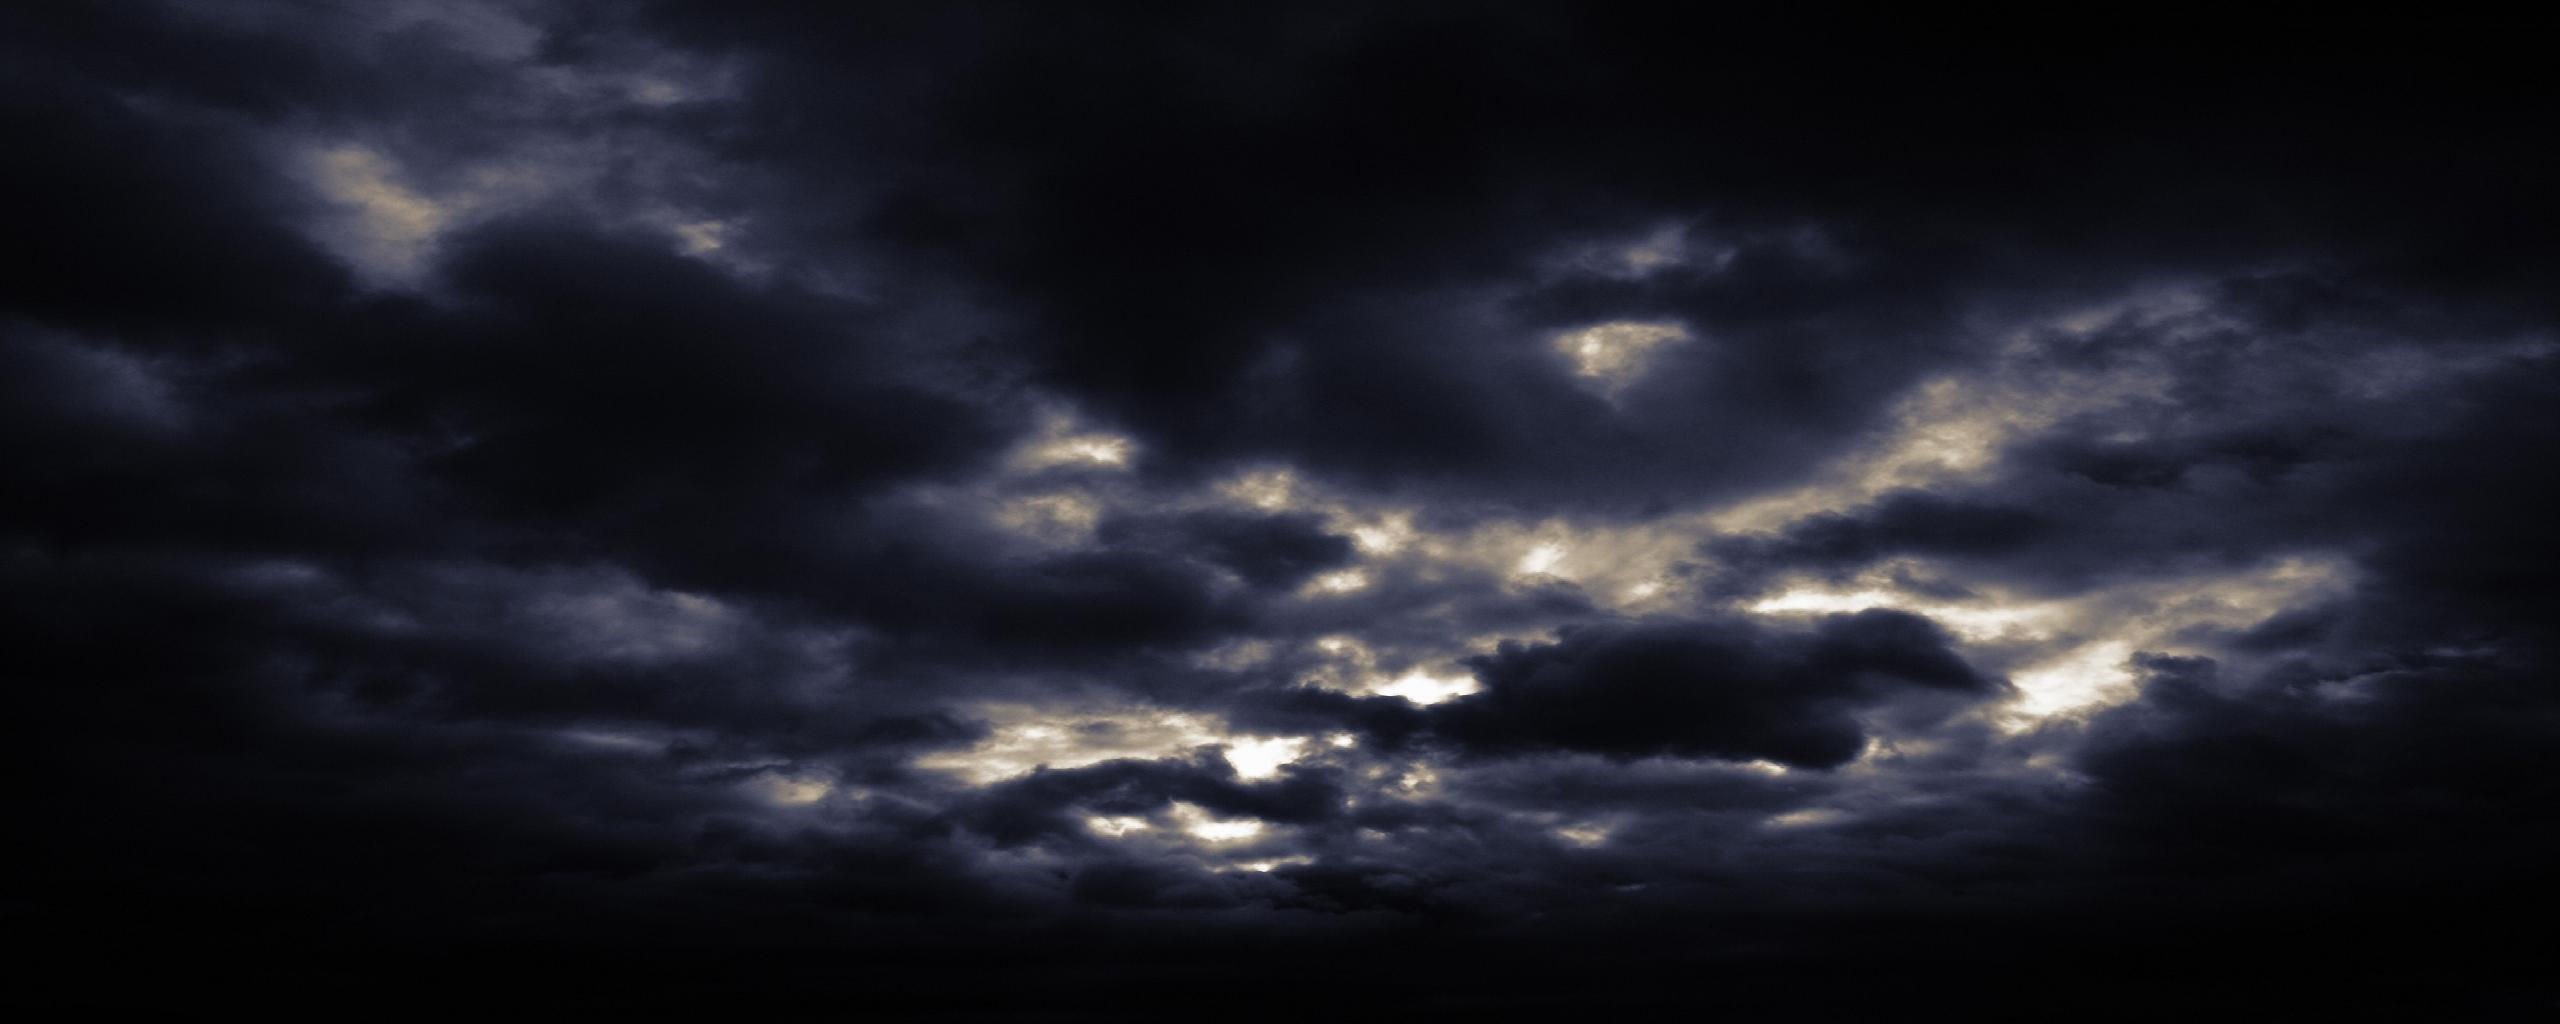 Hd wallpaper darkness - Dark Sky Wallpaper Download 23940 Hd Pictures Best Wallpaper Photo
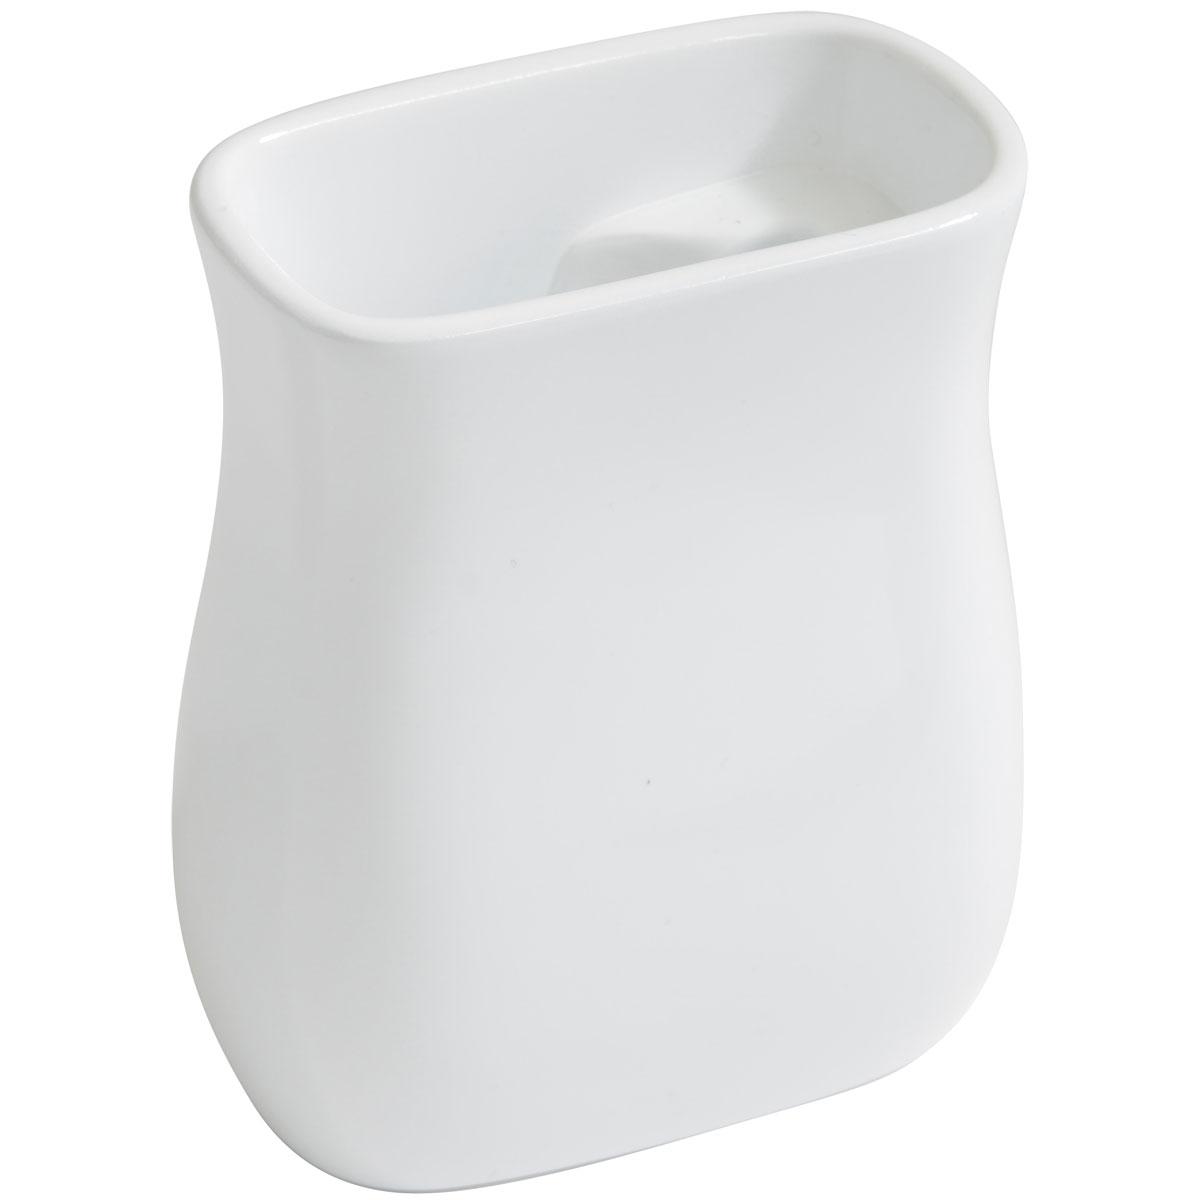 【選べるカラー】トイレブラシスタンド ideaco SB pot 流せるトイレブラシ用 イデアコ エスビーポット ホワイト
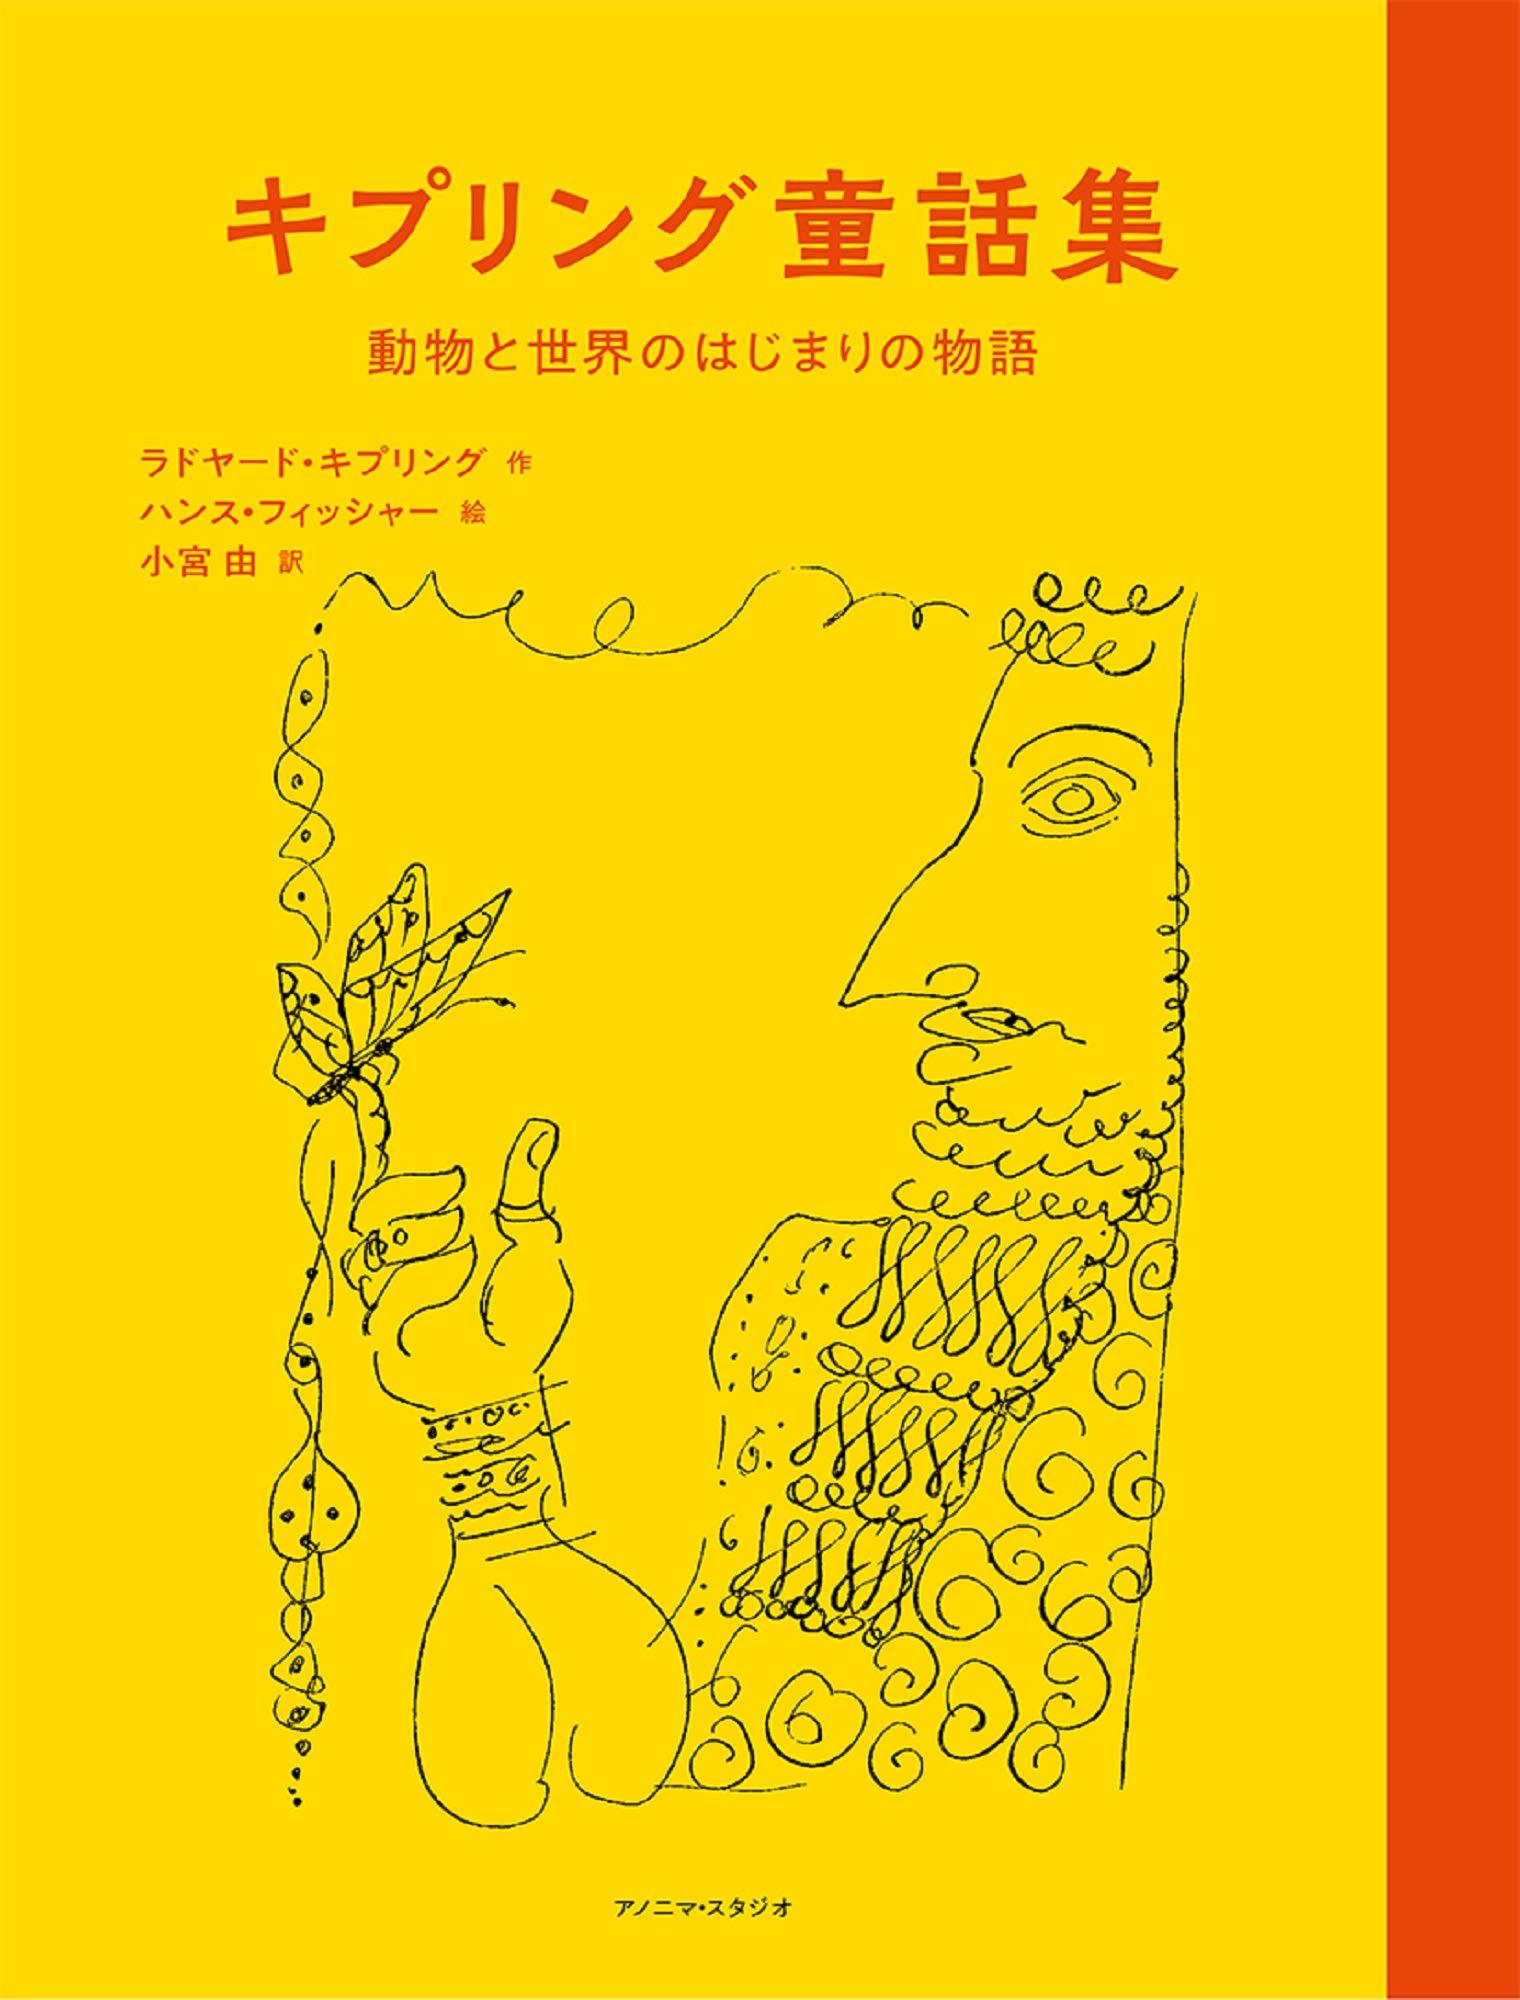 キプリング童話集 ―動物と世界のはじまりの物語―

· · · · · · ·

What to work on:
Word for word, quote the lines above. Omit the pictures.

Answer to this problem:
 Hd wallpaper darkness - Dark Sky Wallpaper Download 23940 Hd Pictures Best Wallpaper Photo
 【選べるカラー】トイレブラシスタンド ideaco SB pot 流せるトイレブラシ用 イデアコ エスビーポット ホワイト
 キプリング童話集 ―動物と世界のはじまりの物語―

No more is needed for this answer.